Подготовка датасета формата Vowpal Wabbit.

In [5]:
def c_parse(counter_row):
    """Парсинг строк counter1,2,3 для использования в создании признаков файла vw.
    
    Input:
    1. counter_row = '{"809001":2,"848545":2,"565828":1,"490363":1}'
    2. counter_row = '{}'
    
    Output:
    1. c_edit_row = '809001:2 848545:2 565828:1 490363:1', vals = [2, 2, 1, 1]
    2. c_edit_row = '', vals = []
    """
    c_edit_row = counter_row[1:-1].replace('"','').replace(',','.0 ')
    if c_edit_row:
        c_edit_row += '.0'
#         vals = [int(x[:-2]) for y in c_edit_row.split(' ') for x in y.split(':')[1]]
        vals = [int(x.split(':')[1][:-2]) for x in c_edit_row.split(' ')]
        return c_edit_row + ' ', vals
    return '', []


def c_parse2(counter_row):
    """Парсинг строк counter1,2,3 для использования в создании признаков файла vw.
    
    Функция аналогична c_parse(), но использует преобразование к dict.
    Обрабатыват данные дольше (примерно в полтора раза).
    
    """
    d = json.loads(counter_row)
    if d:
        c_edit_row = ' '.join([token + ':' + str(val) + '.0' for token,val in d.items()]) + ' '
        
        return c_edit_row, d.values()
#         return c_edit_row, list(d.values())
    return '', []


def cat_f(cat_row, val=0):
    """Категориальная числовая фича, увеличенная на 1"""
    return str(int(cat_row)+val) + '.0'

### Создание дополнительных признаков

Дополнительные признаки из токенов (count, sum и проч).

In [6]:
def numc(c_vals):
    """Количество."""
    return str(len(c_vals)) + '.0'


def sumc(c_vals):
    """Сумма."""
    return str(sum(c_vals)) + '.0'


def meanc(c_vals):
    """Среднее."""
    if c_vals:
        return str(np.round(np.mean(c_vals),1))
    return '0.0'


def minc(c_vals):
    """Минимальное."""
    if c_vals:
        return str(min(c_vals)) + '.0'
    return '0.0'


def maxc(c_vals):
    """Максимальное."""
    if c_vals:
        return str(max(c_vals)) + '.0'
    return '0.0'

### Создание строки формата VW
Формат строки:
- признак -1 или 1
- |c catf:value (прибавить единицу)
- |f token:value (counter first)
- |s token:value (counter second)
- |t token:value (counter third)
- |d diff:value (тоже на всякий случай прибавить единицу)

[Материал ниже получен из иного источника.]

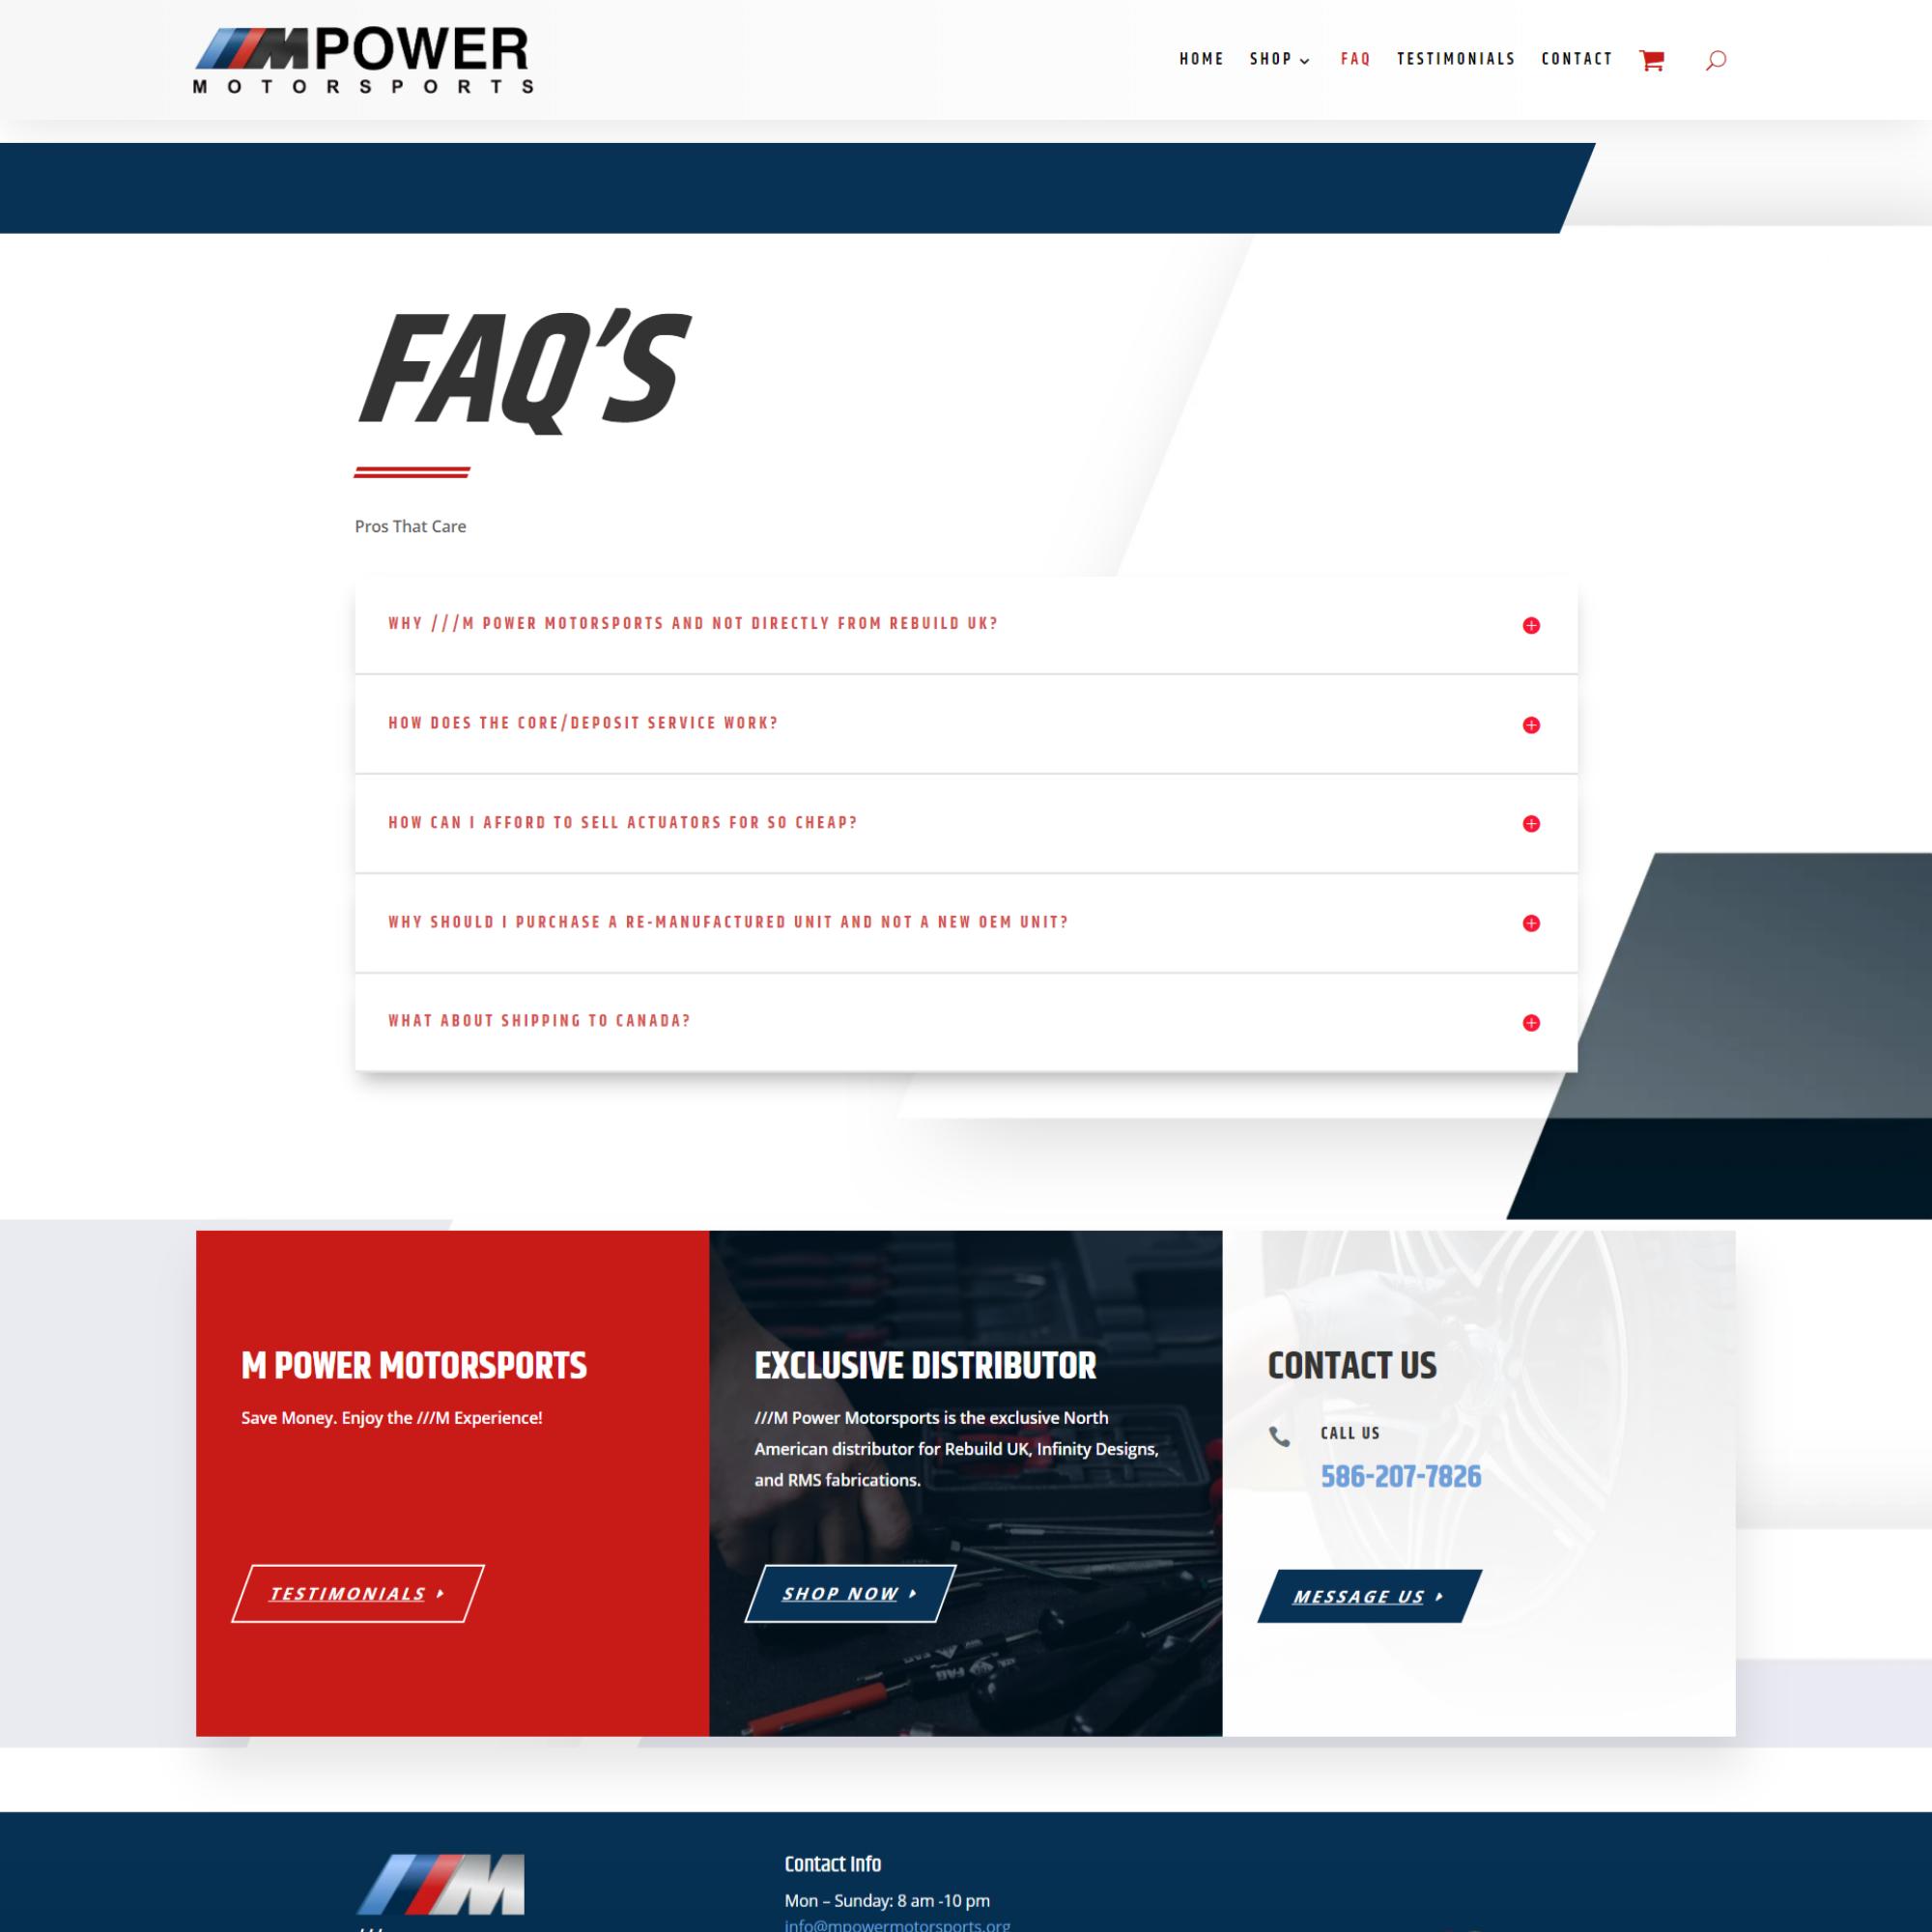 mpowermotorsports FAQ's

Дополнительные признаки, что можно сделать:
- Количество токенов для каждого counter: |n nucf:value nucs:value nuct:value
- Сумма посещений токенов (сумма values): |p sucf:value sucs:value suct:value
- Среднее посещений токенов: |a mecf:value mecs:value mect:value
- Минимальное посещение токенов: |b micf:value mics:value mict:value
- Максимальное посещение токенов: |m macf:value macs:value mact:value

In [7]:
def to_vw(label, tags, cat_feature, counter1, counter2, counter3, day):
    
    c1, c1_val = c_parse(counter1)
    c2, c2_val = c_parse(counter2)
    c3, c3_val = c_parse(counter3)
    
    f, s, t = "", "", ""
    if c1:
        f = f"|f {c1}"
    if c2:
        s = f"|s {c2}"
    if c3:
        t = f"|t {c3}"
    
    if not isinstance(tags, list):
        tags = [tags]
#     tag = ["'" + t for t in tags[:-1]] + [tags[-1]]
    tag = f"{'_'.join(tags)}"
    
    return f"{label} {tag}" + \
        f"|c catf:{cat_f(cat_feature, 1)} " + f + s + t + \
        f"|d diff:{cat_f(day)} " + \
        f"|n nucf:{numc(c1_val)} nucs:{numc(c2_val)} nuct:{numc(c3_val)} " + \
        f"|p sucf:{sumc(c1_val)} sucs:{sumc(c2_val)} suct:{sumc(c3_val)} " + \
        f"|a mecf:{meanc(c1_val)} mecs:{meanc(c2_val)} mect:{meanc(c3_val)} " + \
        f"|b micf:{minc(c1_val)} mics:{minc(c2_val)} mict:{minc(c3_val)} " + \
        f"|m macf:{maxc(c1_val)} macs:{maxc(c2_val)} mact:{maxc(c3_val)}" + \
        "\n"

### Создание файлов для VW
##### Проверка функций создания строк для VW

In [8]:
with gzip.open('..\\input\\mlboot_data.tsv.gz', 'rt') as f:
    for row in f:
        break

cuid, cat_feature, counter1, counter2, counter3, day = row.split()
label = 1
tags = [f'day{day}', cat_feature, cuid]
to_vw(label, tags, cat_feature, counter1, counter2, counter3, day)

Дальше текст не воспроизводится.